● Work order
Starting at the top of the entries below, set down every line exactly, please, until you reach the line with "Quality Street Rebranding", which is included too.

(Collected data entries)
========

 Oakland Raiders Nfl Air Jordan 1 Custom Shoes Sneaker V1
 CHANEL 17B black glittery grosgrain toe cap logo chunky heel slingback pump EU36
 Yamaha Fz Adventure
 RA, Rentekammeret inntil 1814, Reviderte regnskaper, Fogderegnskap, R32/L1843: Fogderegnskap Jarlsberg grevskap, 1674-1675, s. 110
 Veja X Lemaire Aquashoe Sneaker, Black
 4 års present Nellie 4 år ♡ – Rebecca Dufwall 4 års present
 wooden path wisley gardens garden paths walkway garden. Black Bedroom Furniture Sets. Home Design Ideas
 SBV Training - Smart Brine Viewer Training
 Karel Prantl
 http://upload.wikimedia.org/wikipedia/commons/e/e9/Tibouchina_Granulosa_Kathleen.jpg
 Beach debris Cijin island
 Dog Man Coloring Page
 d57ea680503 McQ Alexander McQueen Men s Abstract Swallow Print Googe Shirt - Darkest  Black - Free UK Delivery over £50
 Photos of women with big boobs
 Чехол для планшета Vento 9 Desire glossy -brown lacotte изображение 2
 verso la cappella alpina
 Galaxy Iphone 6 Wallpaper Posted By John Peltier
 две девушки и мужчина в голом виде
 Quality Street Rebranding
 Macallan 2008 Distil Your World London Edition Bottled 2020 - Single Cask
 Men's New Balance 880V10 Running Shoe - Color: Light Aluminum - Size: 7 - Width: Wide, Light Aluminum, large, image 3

========

● Answer
 Oakland Raiders Nfl Air Jordan 1 Custom Shoes Sneaker V1
 CHANEL 17B black glittery grosgrain toe cap logo chunky heel slingback pump EU36
 Yamaha Fz Adventure
 RA, Rentekammeret inntil 1814, Reviderte regnskaper, Fogderegnskap, R32/L1843: Fogderegnskap Jarlsberg grevskap, 1674-1675, s. 110
 Veja X Lemaire Aquashoe Sneaker, Black
 4 års present Nellie 4 år ♡ – Rebecca Dufwall 4 års present
 wooden path wisley gardens garden paths walkway garden. Black Bedroom Furniture Sets. Home Design Ideas
 SBV Training - Smart Brine Viewer Training
 Karel Prantl
 http://upload.wikimedia.org/wikipedia/commons/e/e9/Tibouchina_Granulosa_Kathleen.jpg
 Beach debris Cijin island
 Dog Man Coloring Page
 d57ea680503 McQ Alexander McQueen Men s Abstract Swallow Print Googe Shirt - Darkest  Black - Free UK Delivery over £50
 Photos of women with big boobs
 Чехол для планшета Vento 9 Desire glossy -brown lacotte изображение 2
 verso la cappella alpina
 Galaxy Iphone 6 Wallpaper Posted By John Peltier
 две девушки и мужчина в голом виде
 Quality Street Rebranding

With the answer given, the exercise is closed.